Just wanted to share my story with everyone here since reading so many stories from all of you had given the strength to cope with this stressful situation.
I am an ADN-BSN student. Finished my ADN in 2012 and decided to go straight for my BSN at a state university in CA. Now I am graduating with my BSN in a few months, I have been applying everywhere, filling any applications that I come across. No responses from anywhere since last October. I have always thought myself as a competitive nursing student. I have everything a new grad can put on the resume (leadership, gpa, awards, honors, volunteers), with the exception of nursing experience. I have one previous sales job for 1 yr and half.
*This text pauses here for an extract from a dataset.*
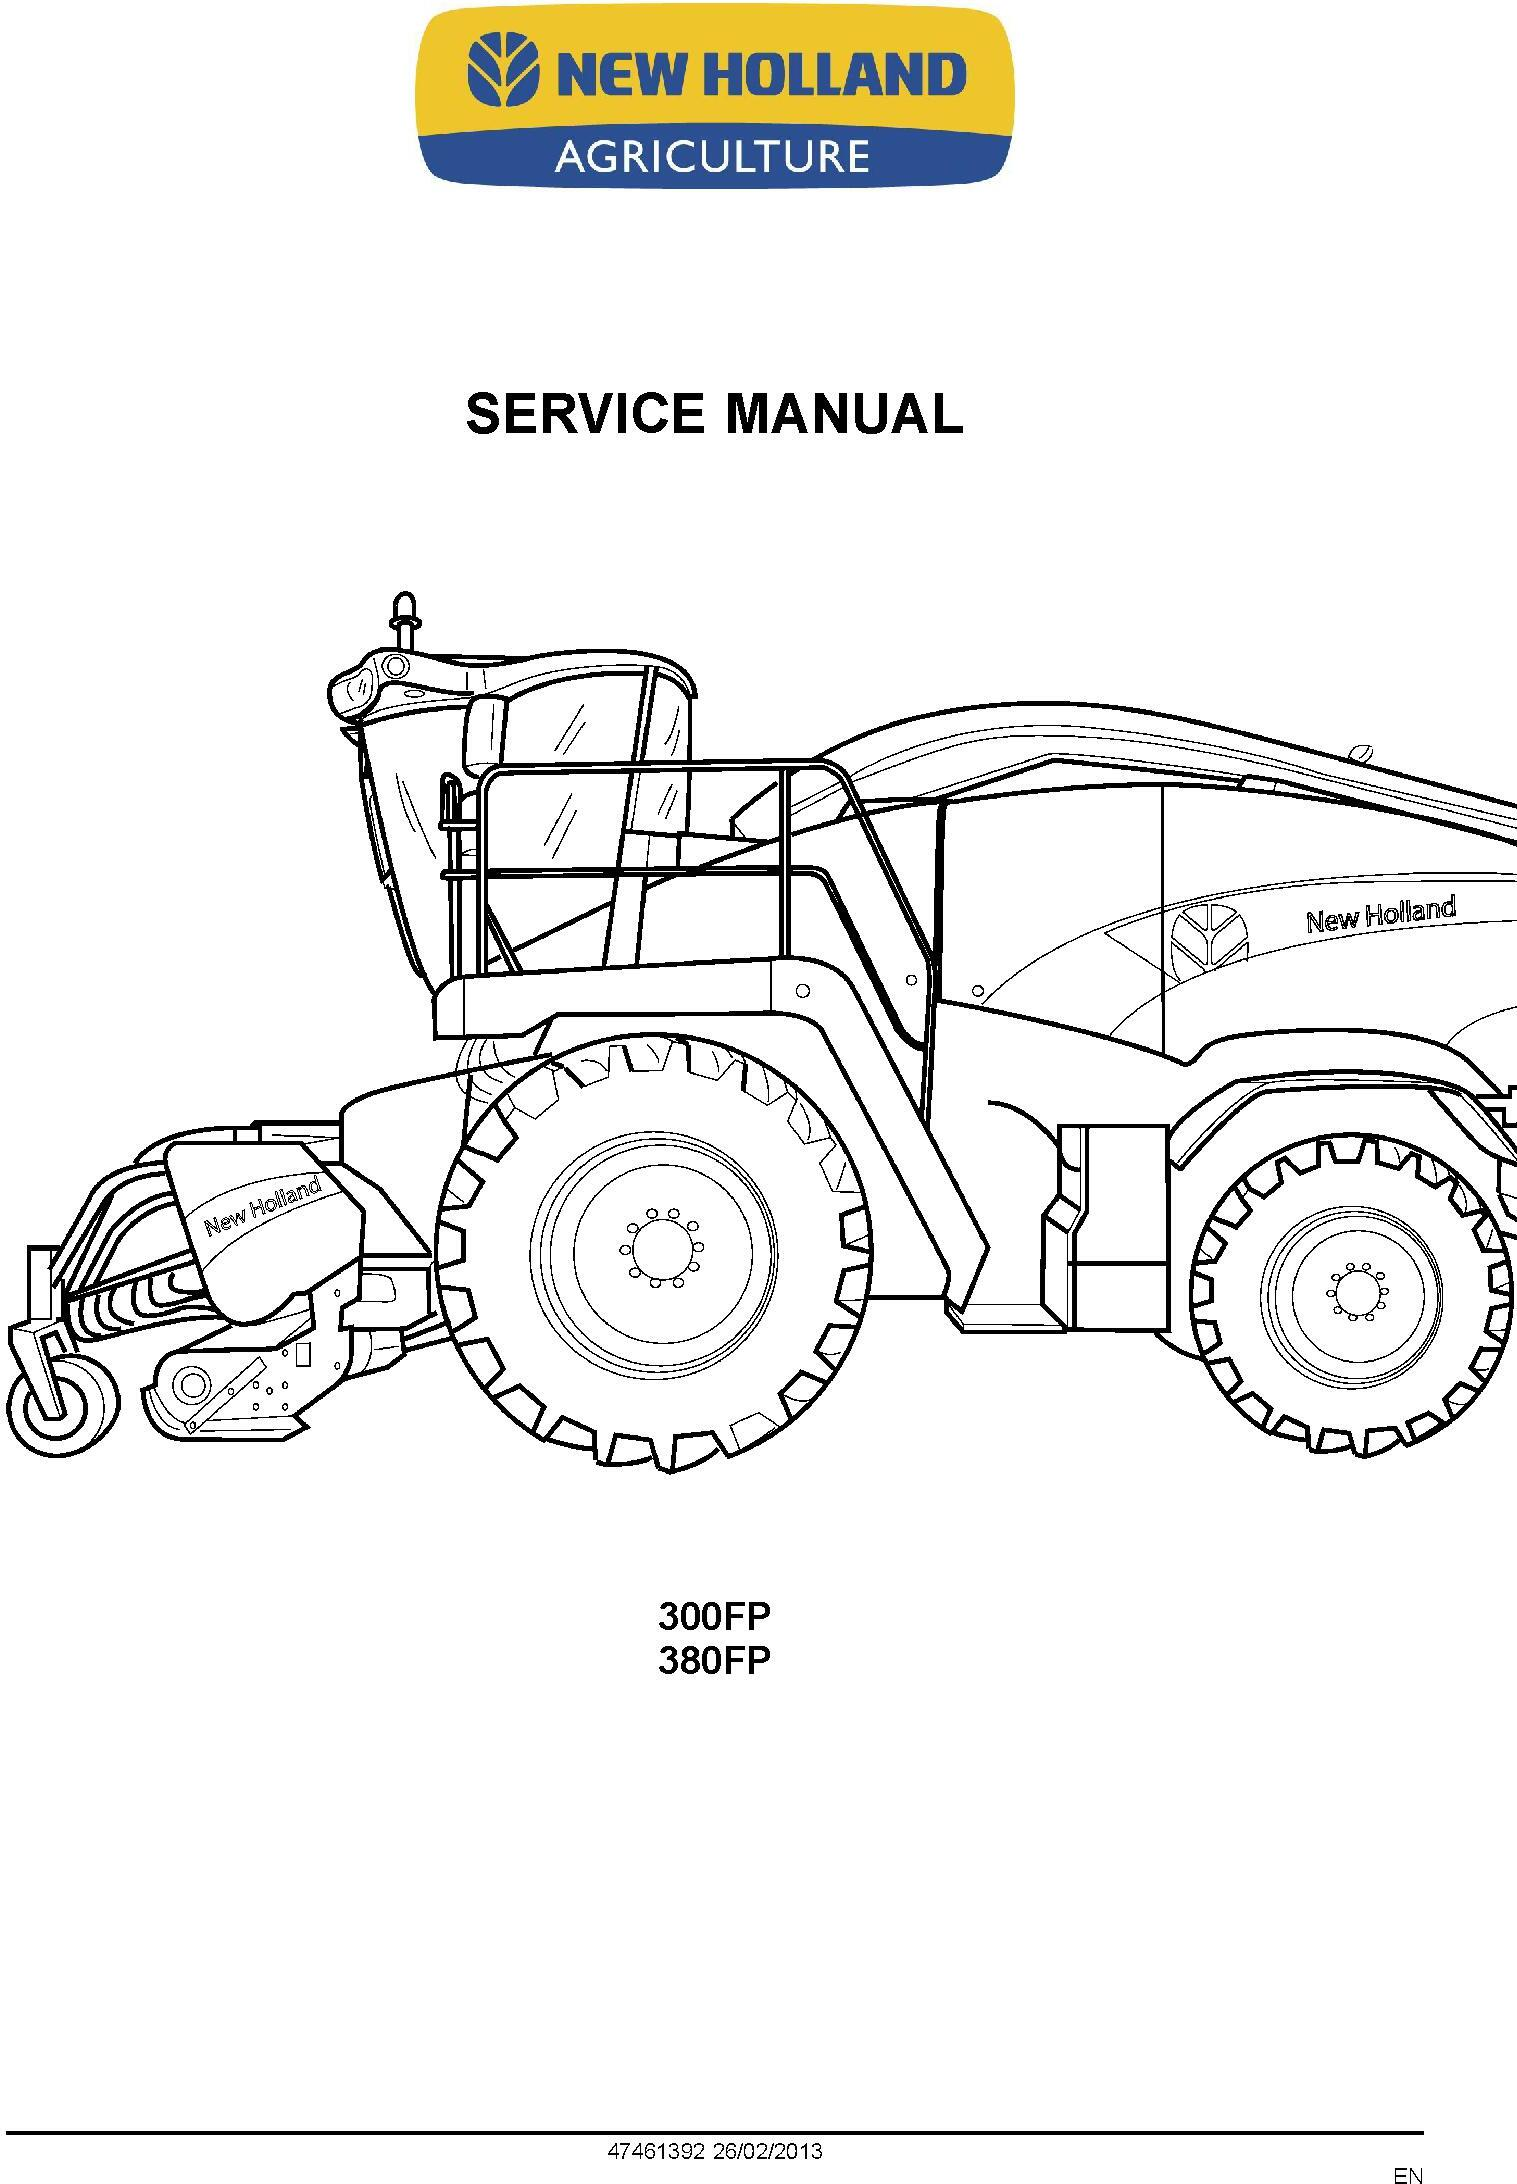 New Holland 300FP, 380FP Header Service Manual - 1

Just when I was getting really depressed and discouraged, I received a call for interview with a very large plastic surgery, dermatology and laser clinic for a RN position. I will be mainly responsible for seeing pt for post-op follow-up and administer aesthetic injections (Botox, fillers, etc). I was offered the job on the spot due to my bilingual ability (they have a very large asian pt population). I started the job 3 weeks ago. Full time position: 9-6 and 5 days a week. Training was really interesting and challenging with injections and all the docs and nurses are nice. I was so grateful for this opportunity because I had a lot of financial pressure to start working.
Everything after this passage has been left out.